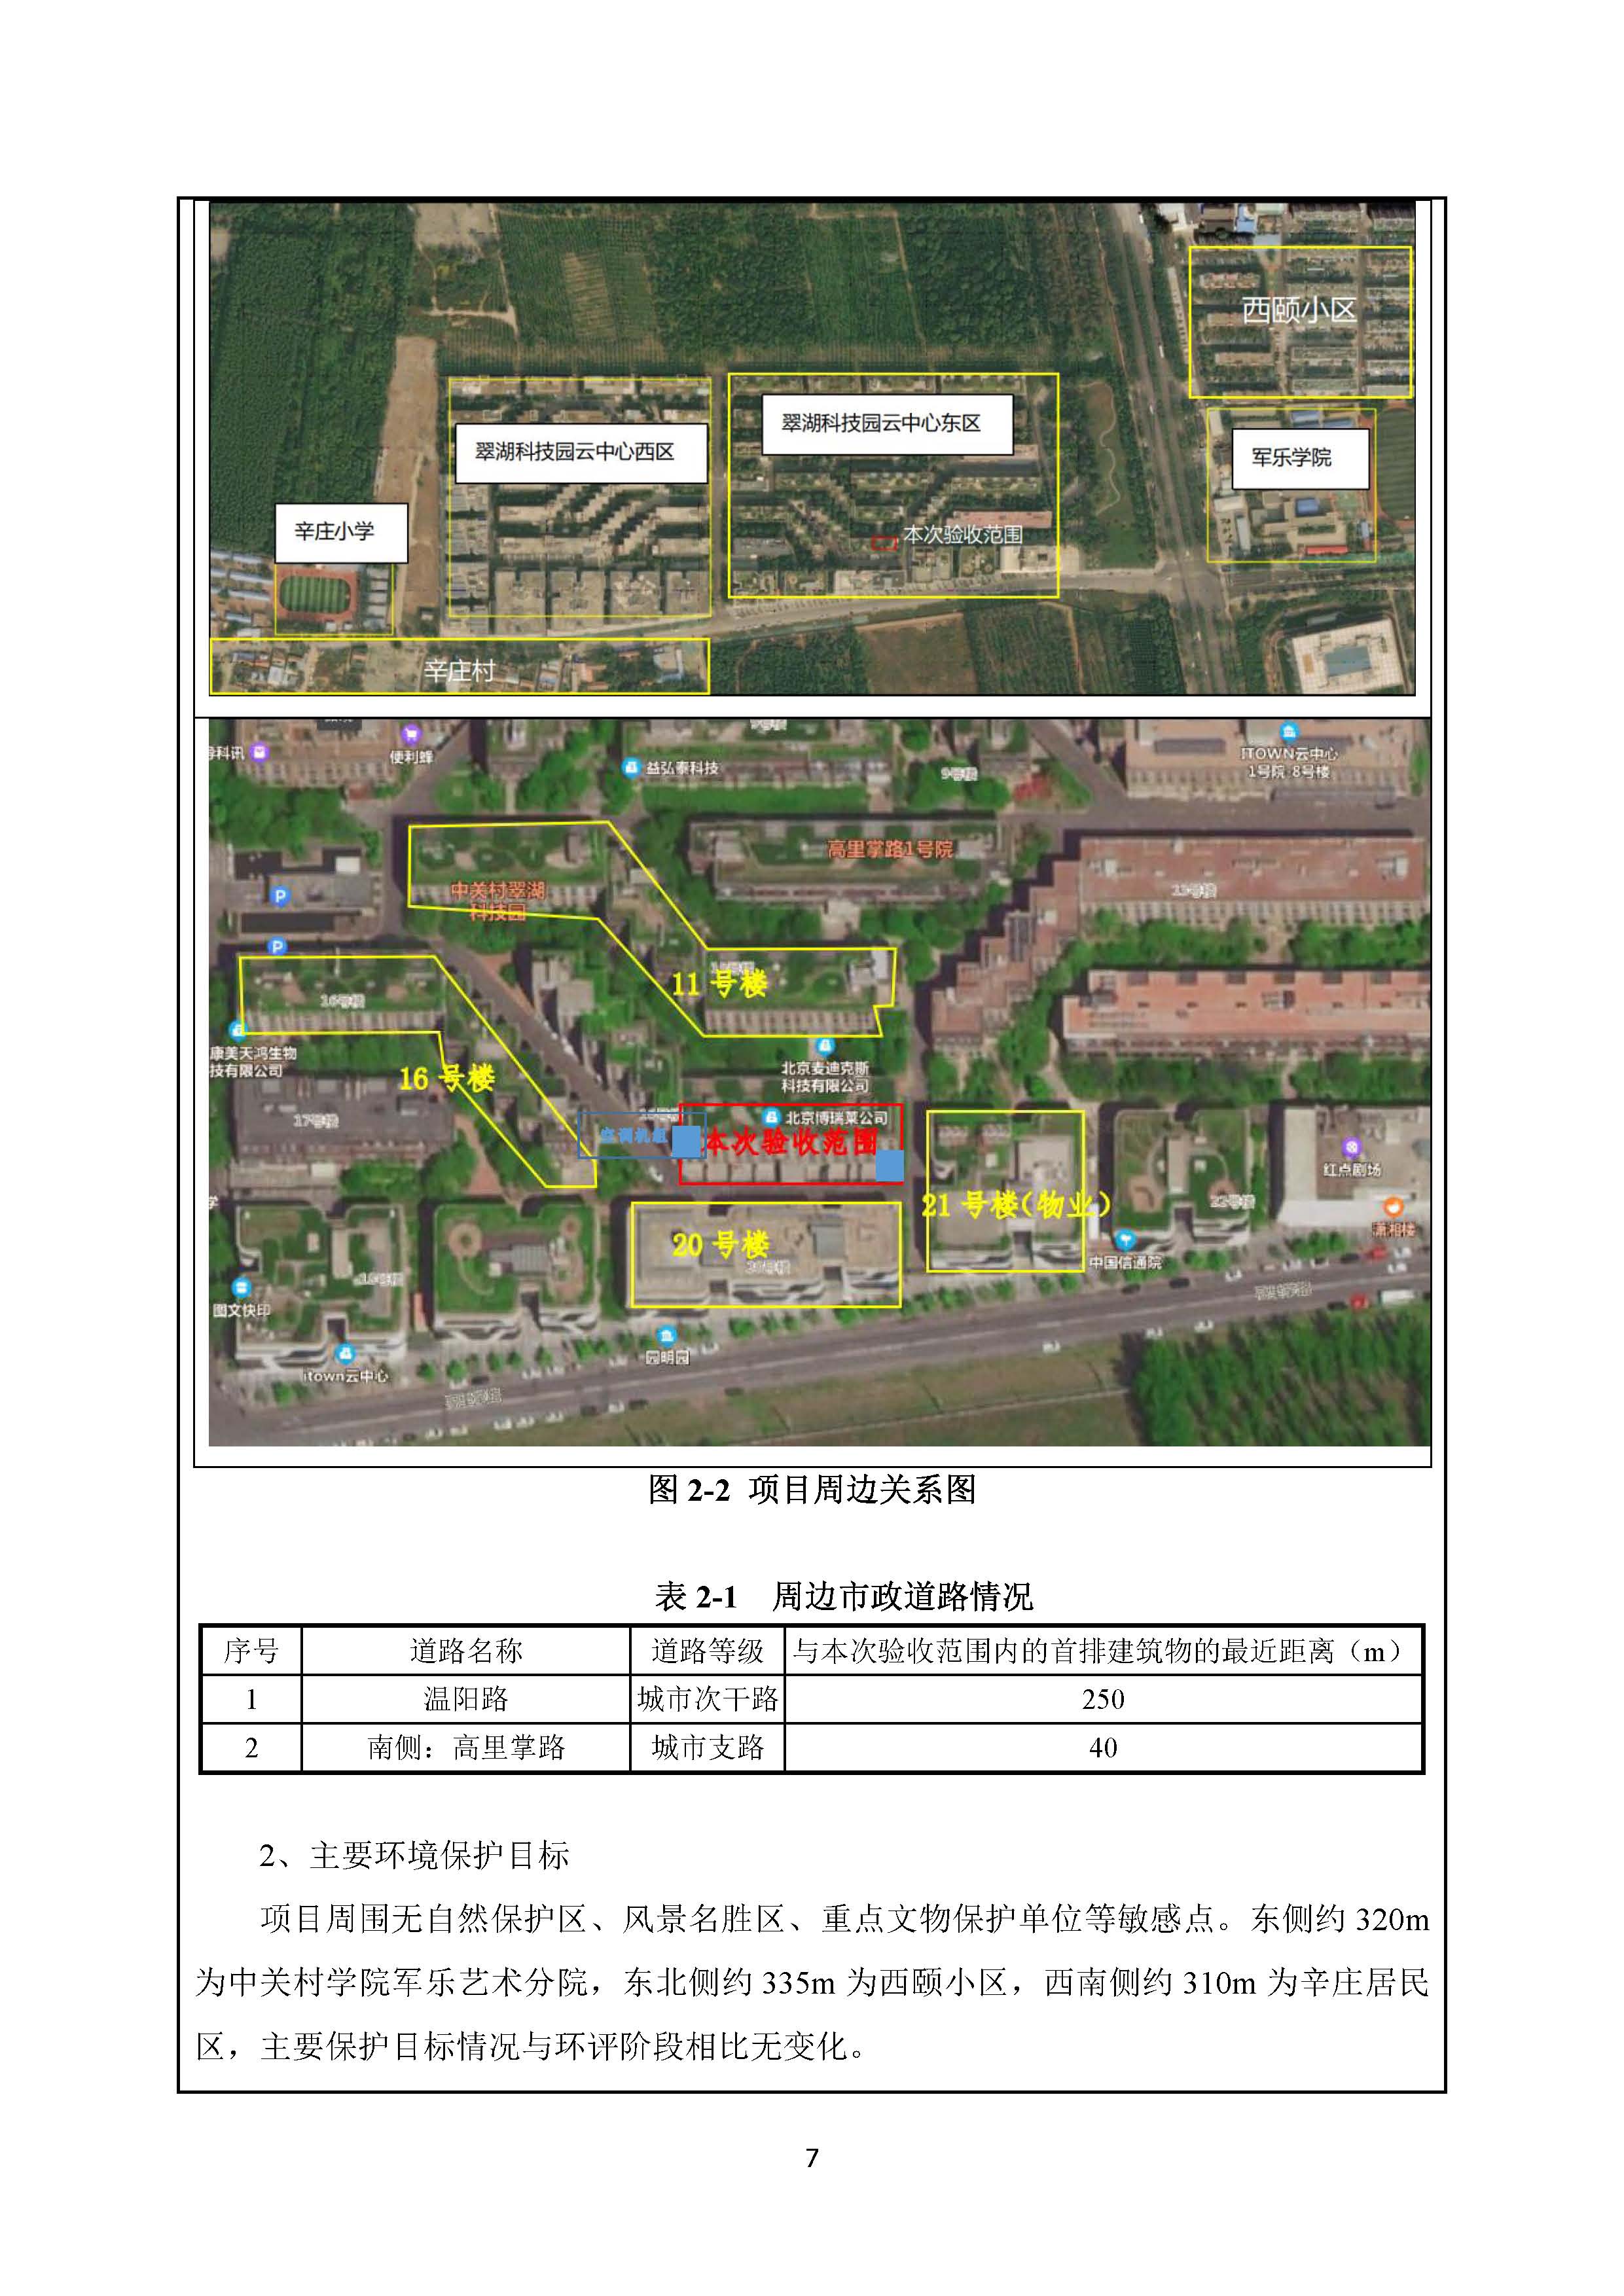 北京博瑞莱智能科技集团有限公司项目竣工环境保护验收监测报告全本公示(图11)
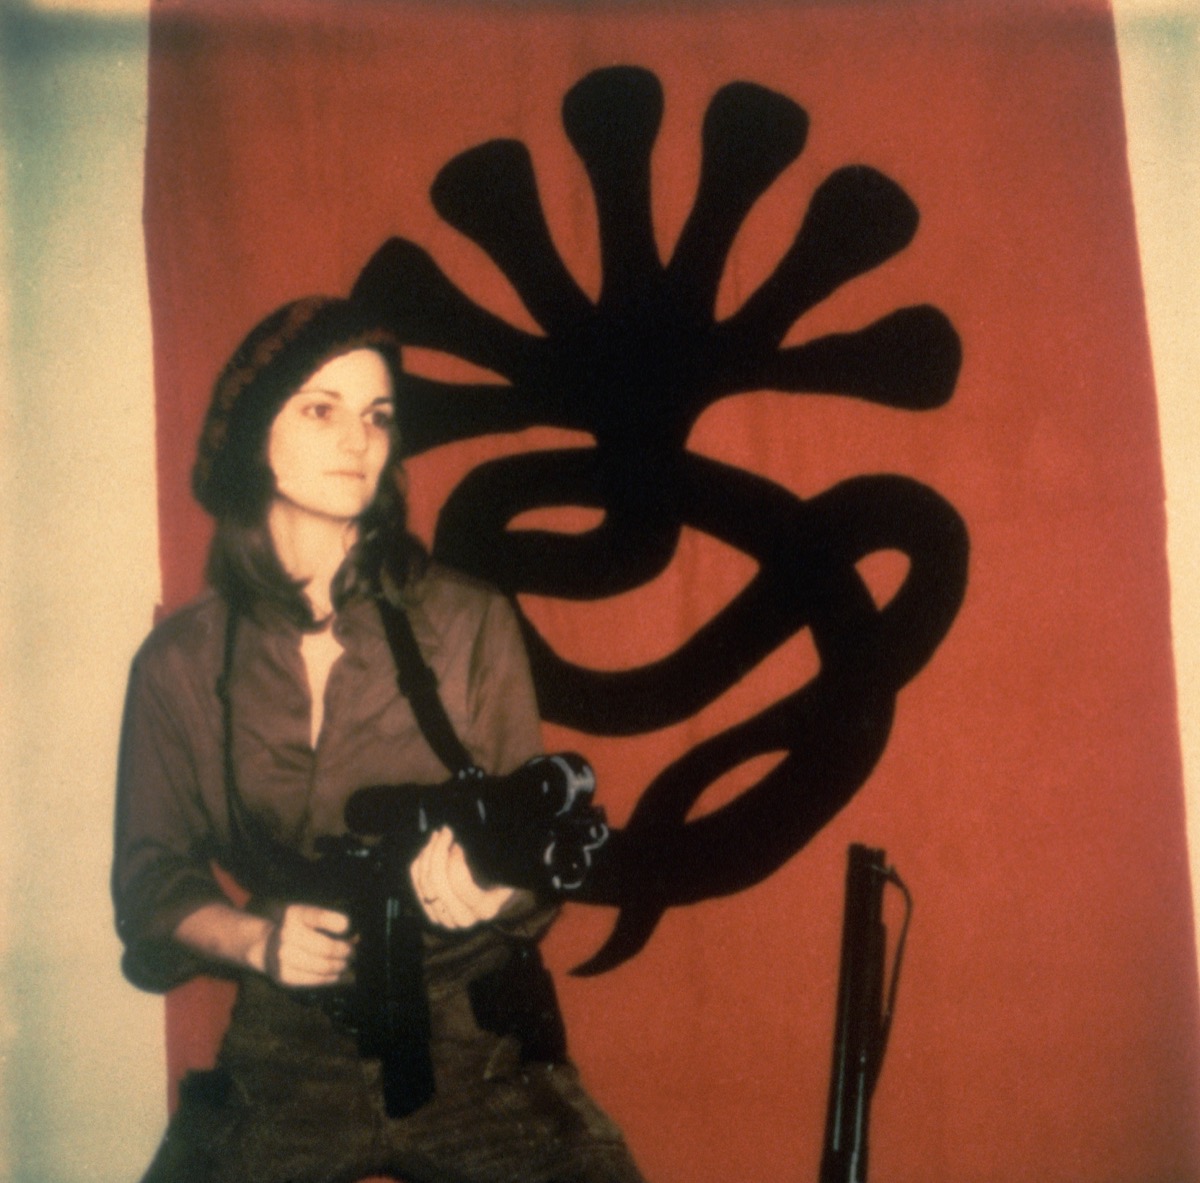 Patty Hearst with machine gun in 1974
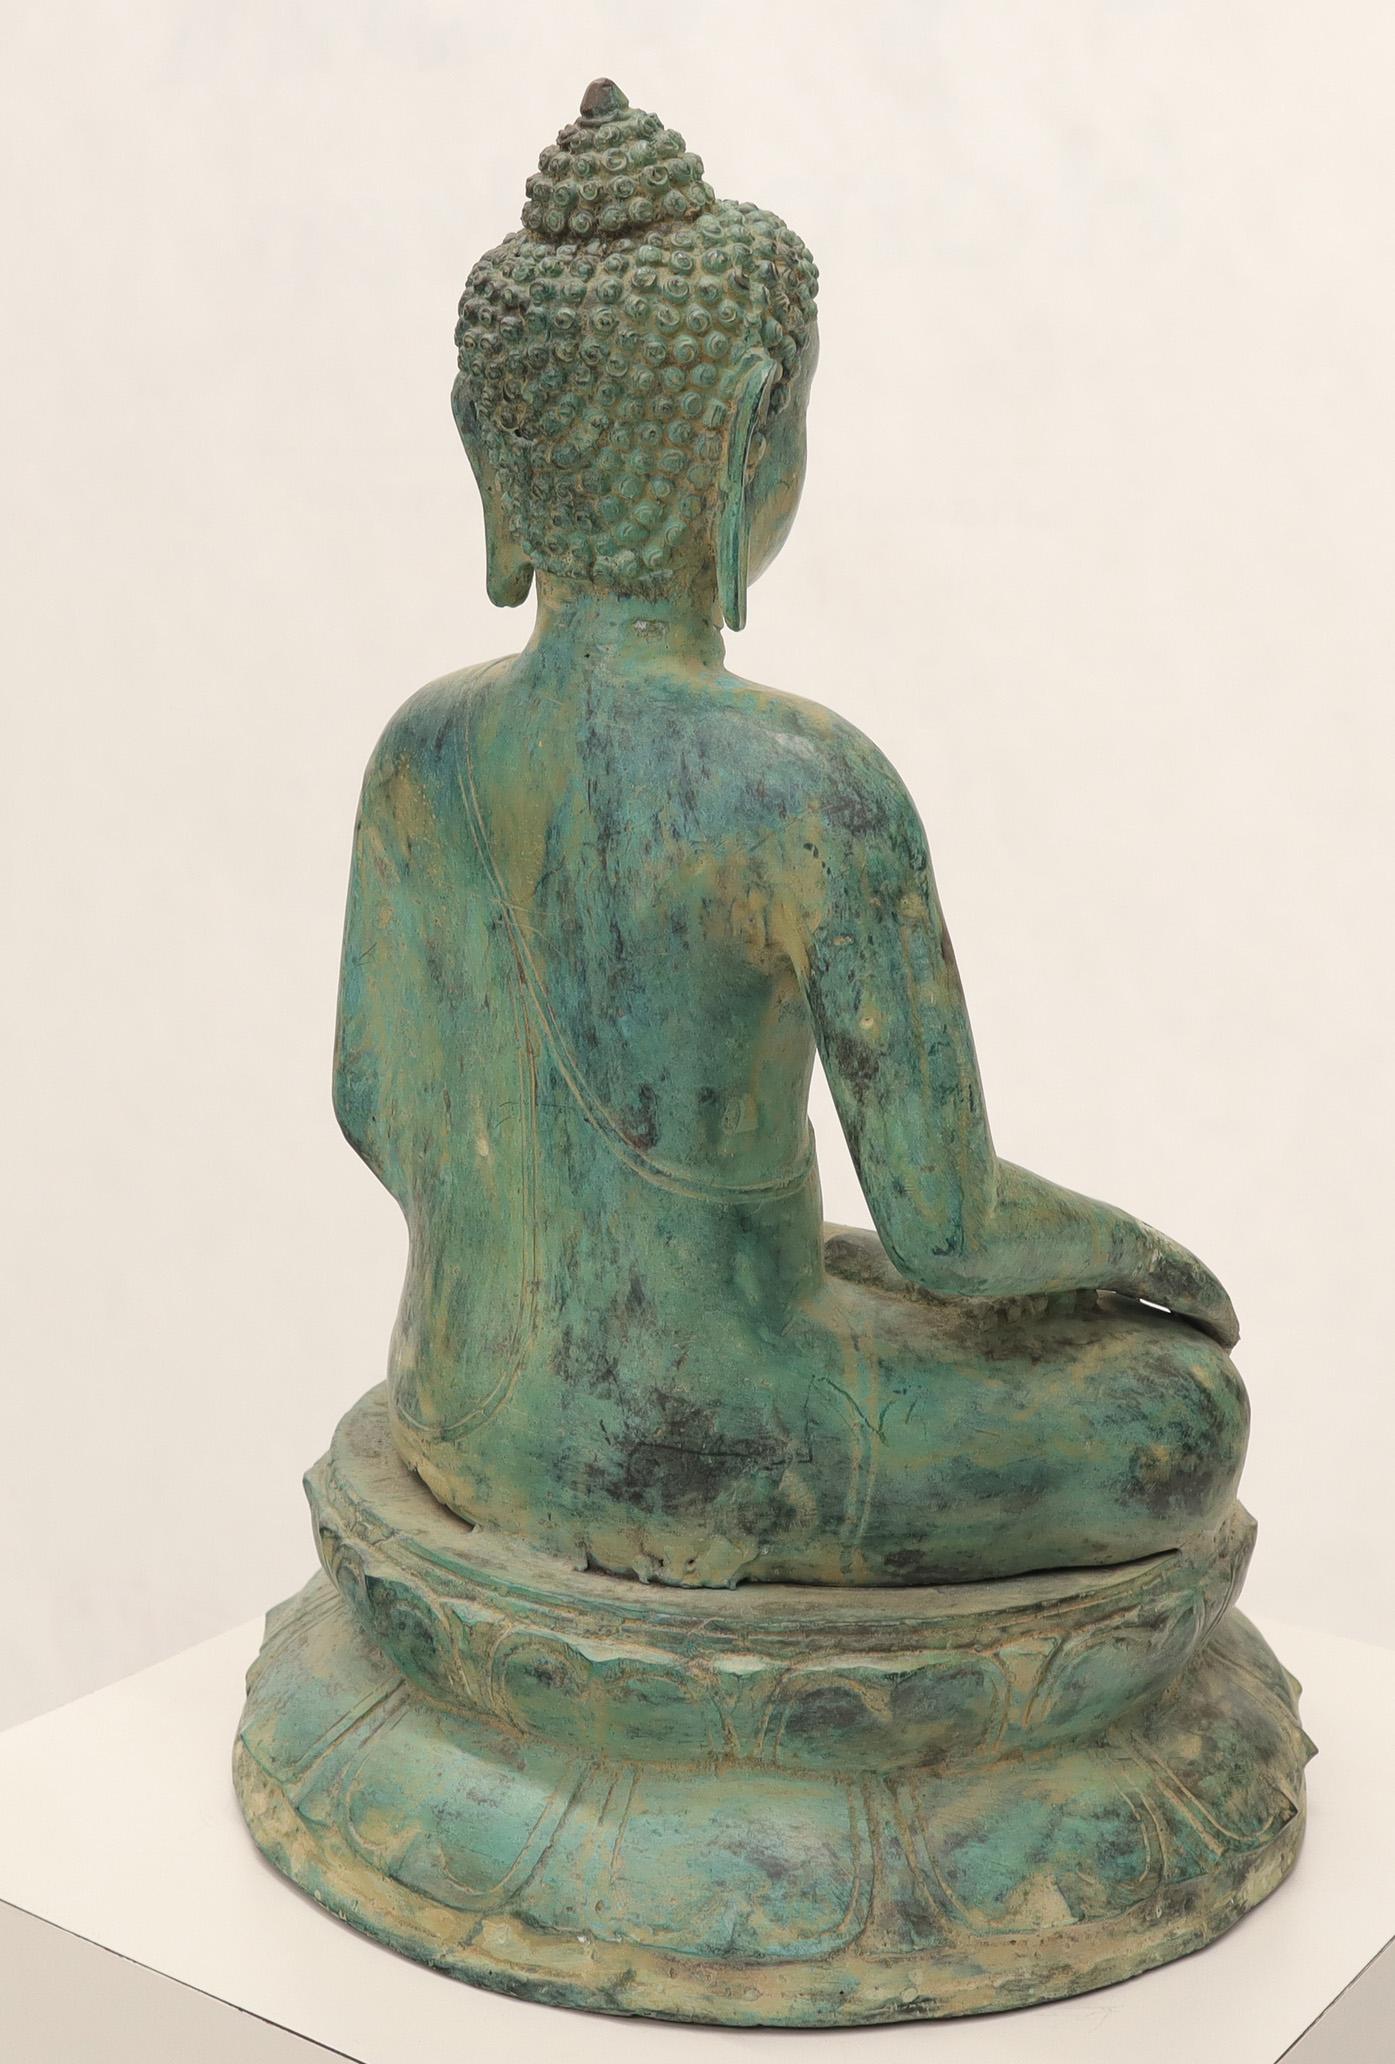 Patinated Bronze Buddha Sculpture Green Patina

» **Activity**
Recreate the listing above word for word, dropping each picture it contains.

» **Reply to the task**
 北京博瑞莱智能科技集团有限公司项目竣工环境保护验收监测报告全本公示(图11)
 Patty Hearst with machine gun in 1974
 Patinated Bronze Buddha Sculpture Green Patina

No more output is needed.